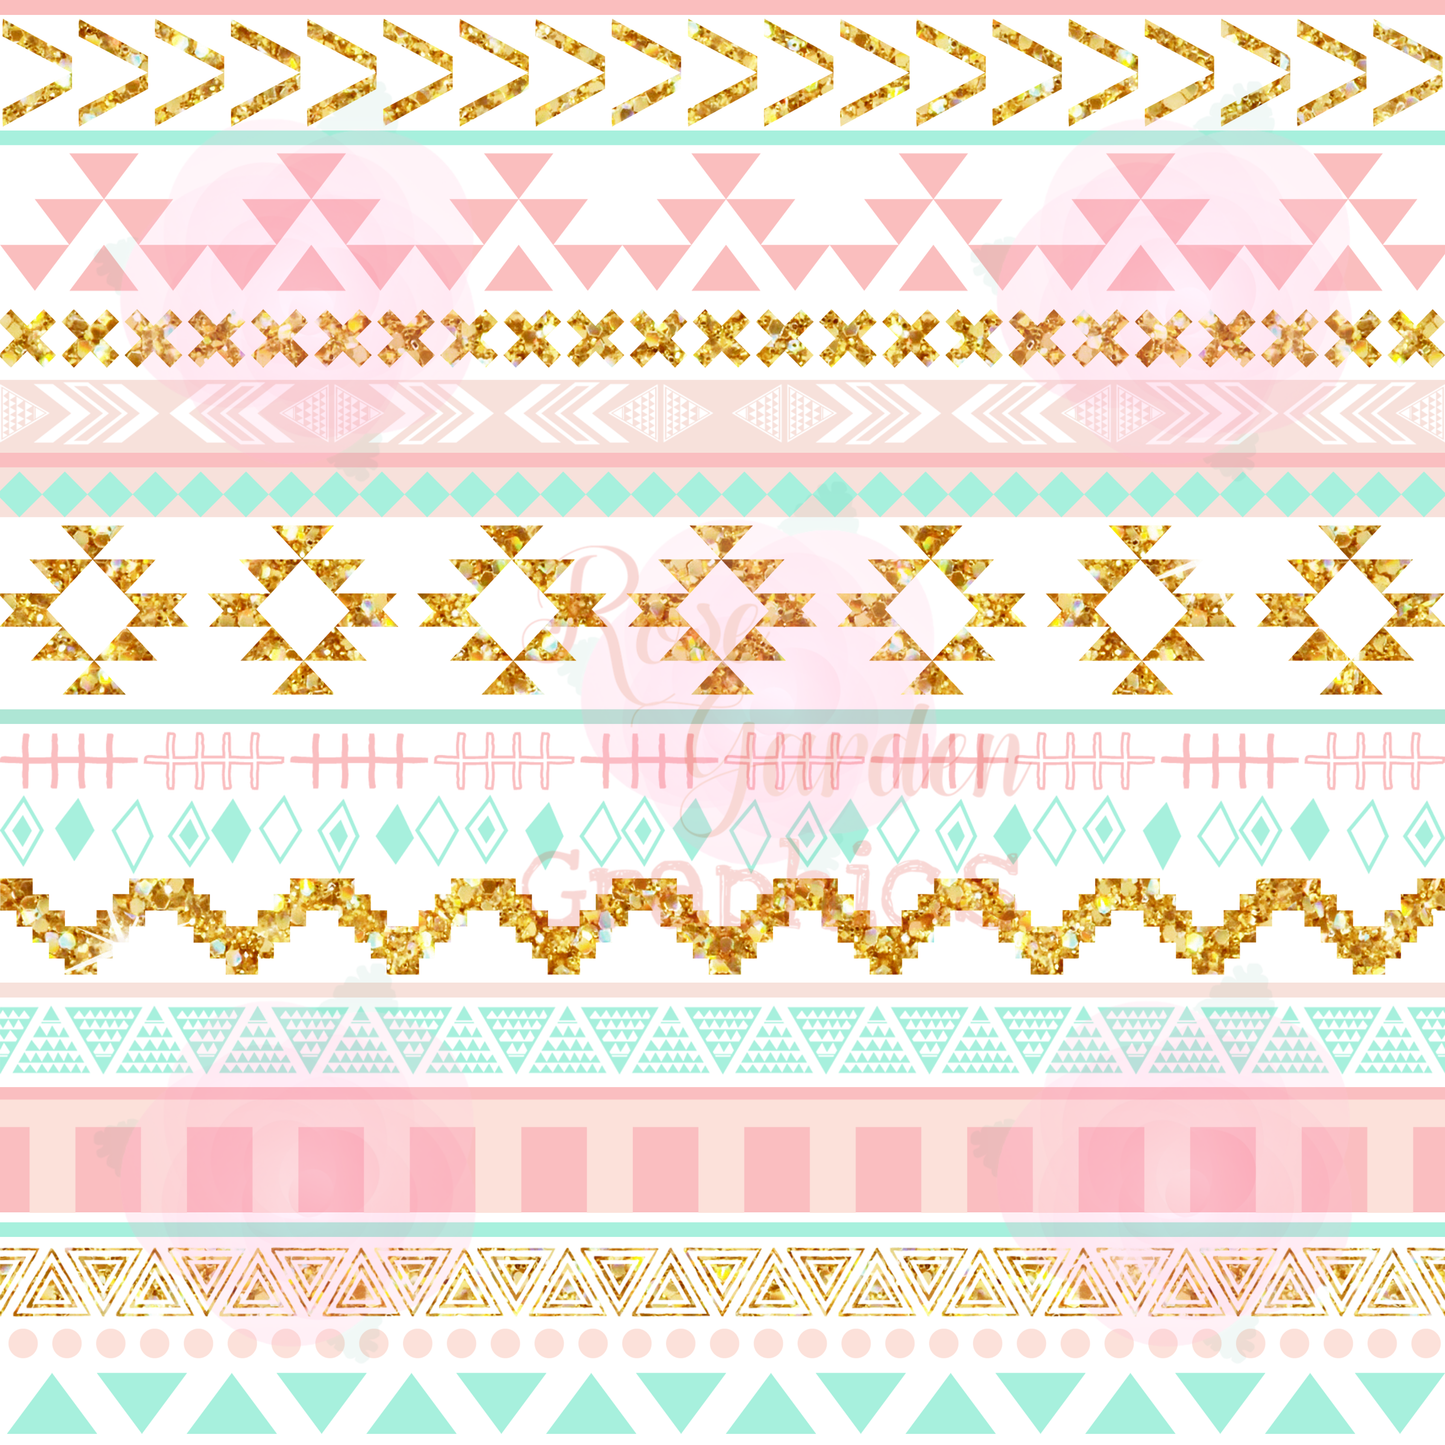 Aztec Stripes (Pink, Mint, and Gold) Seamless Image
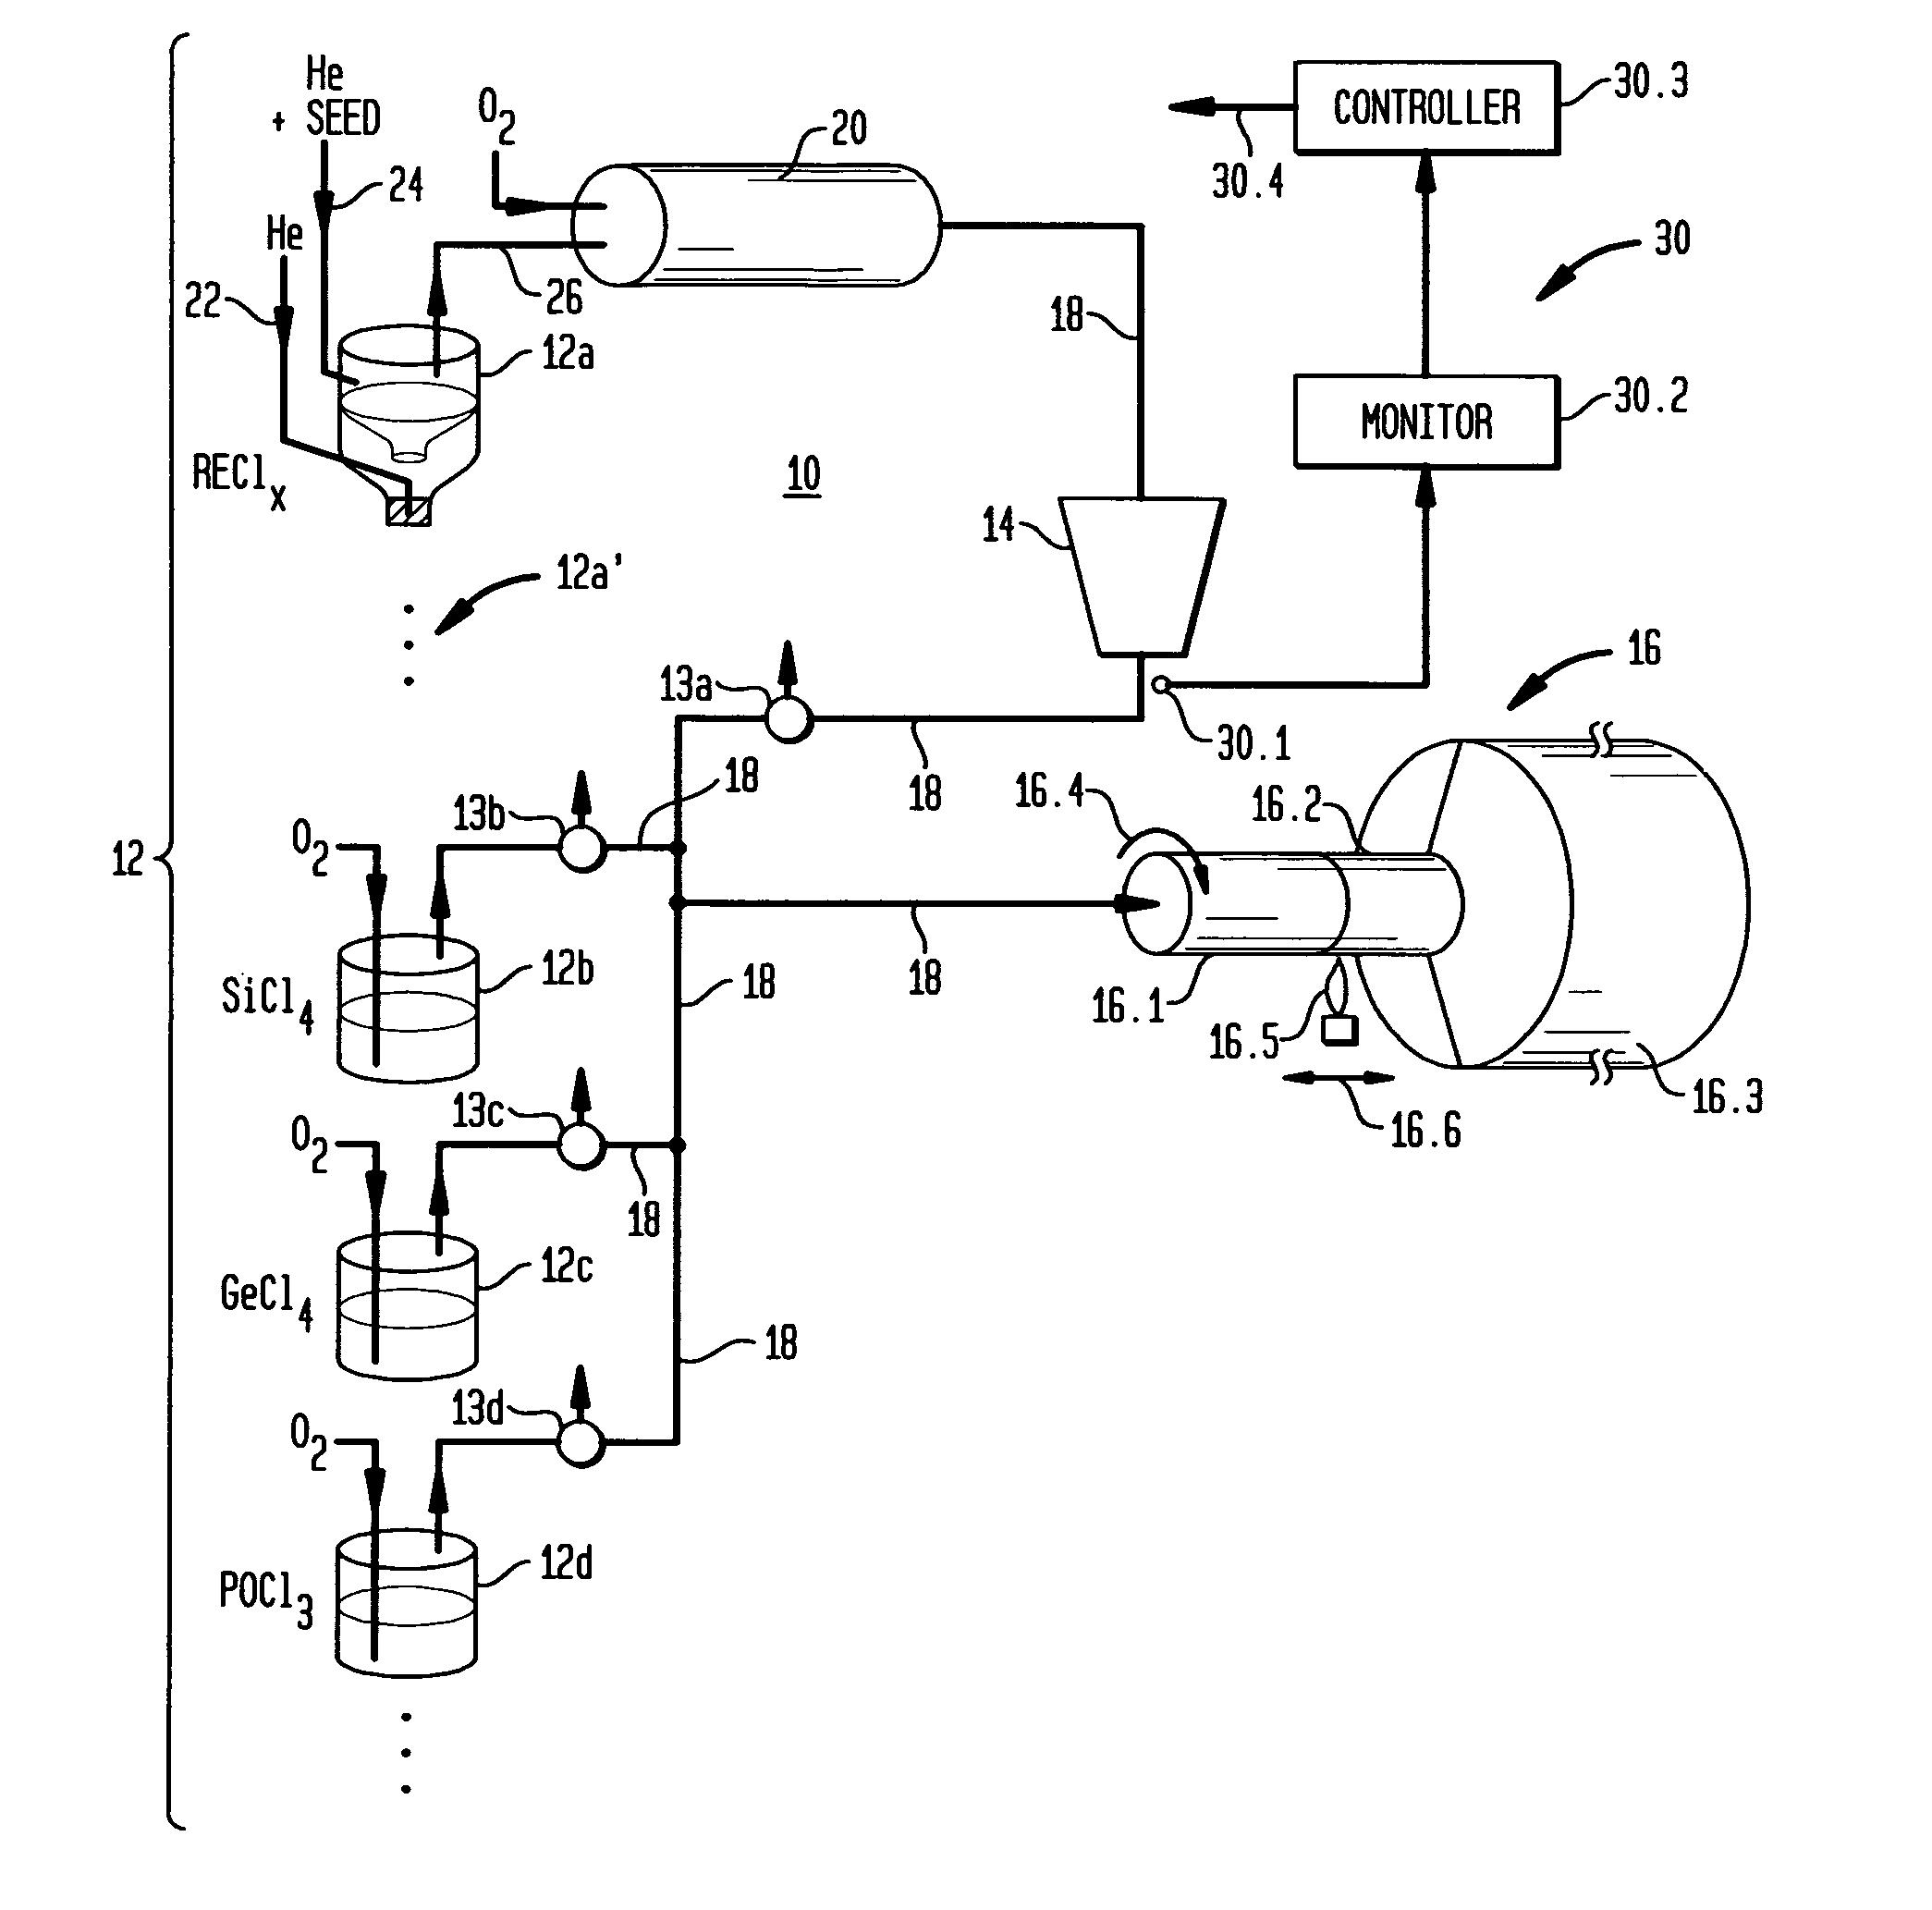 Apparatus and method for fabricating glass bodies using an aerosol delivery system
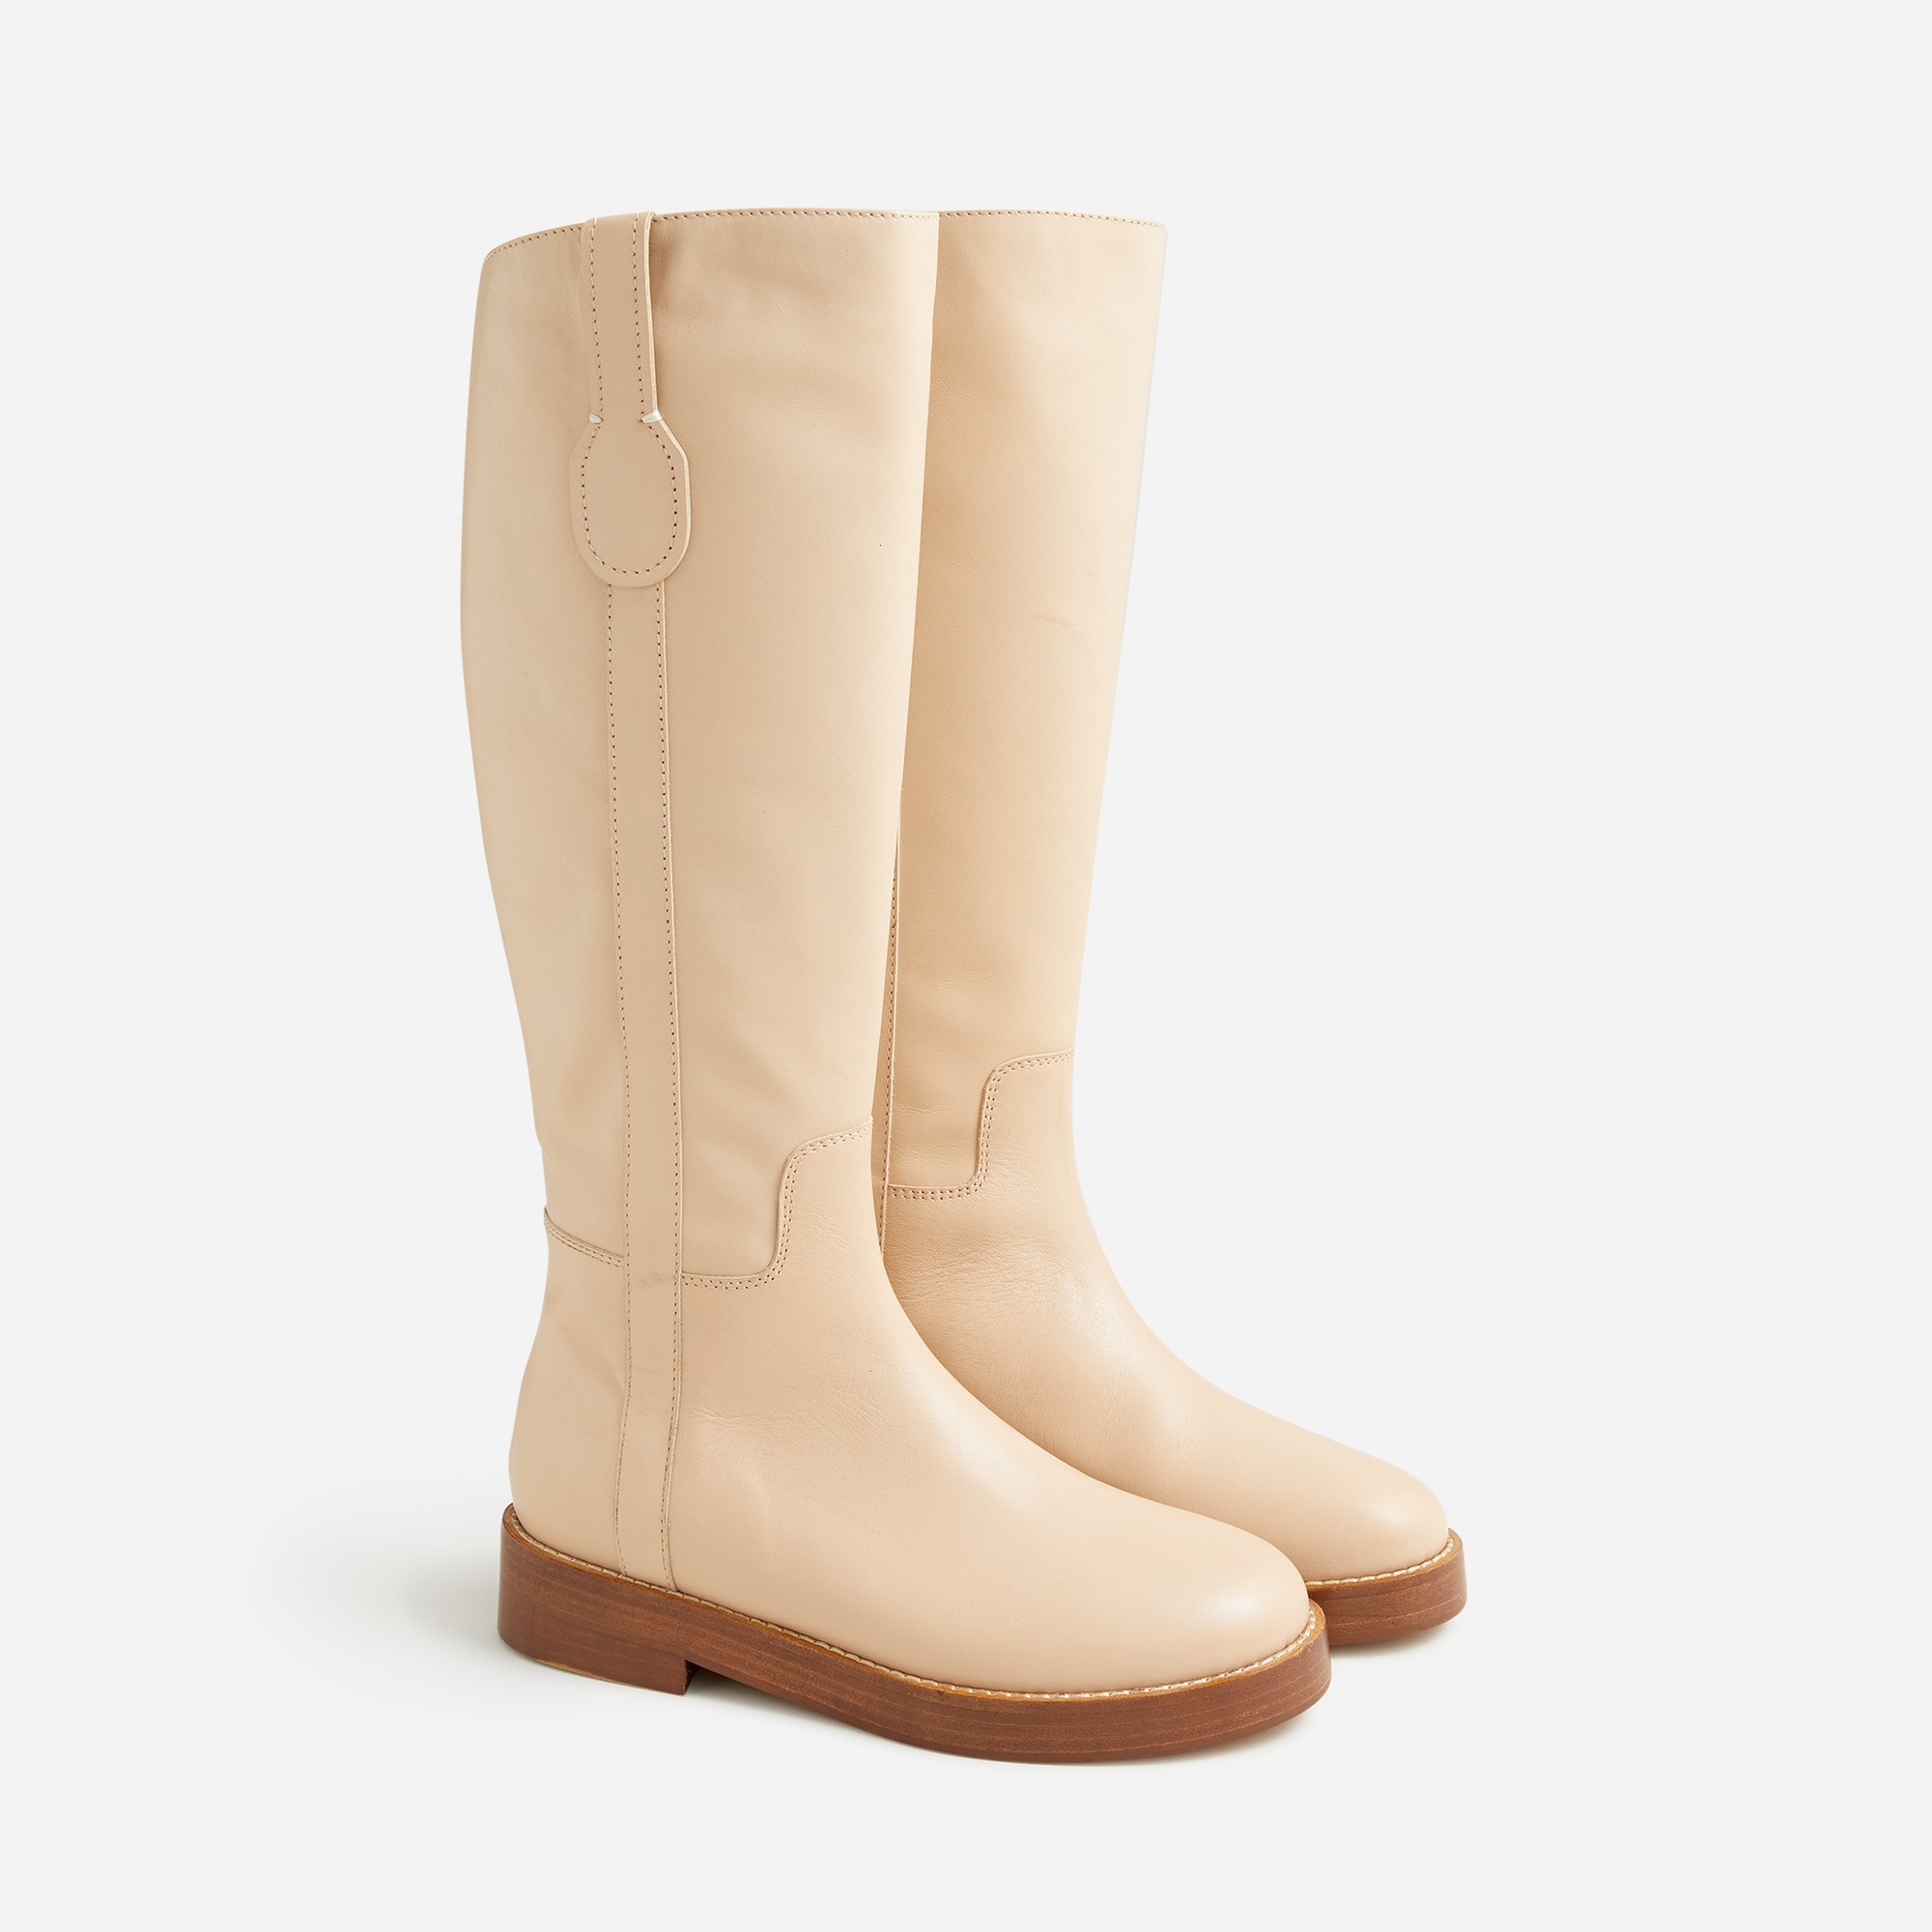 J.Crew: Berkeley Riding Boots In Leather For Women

+ + +

— ASSIGNED TASK —
Omit the pictures, then give all the lines above again exactly.

— COMPLETED EXERCISE —
 Aztec Stripes (Pink, Mint, and Gold) Seamless Image
 Apparatus and method for fabricating glass bodies using an aerosol delivery system
 J.Crew: Berkeley Riding Boots In Leather For Women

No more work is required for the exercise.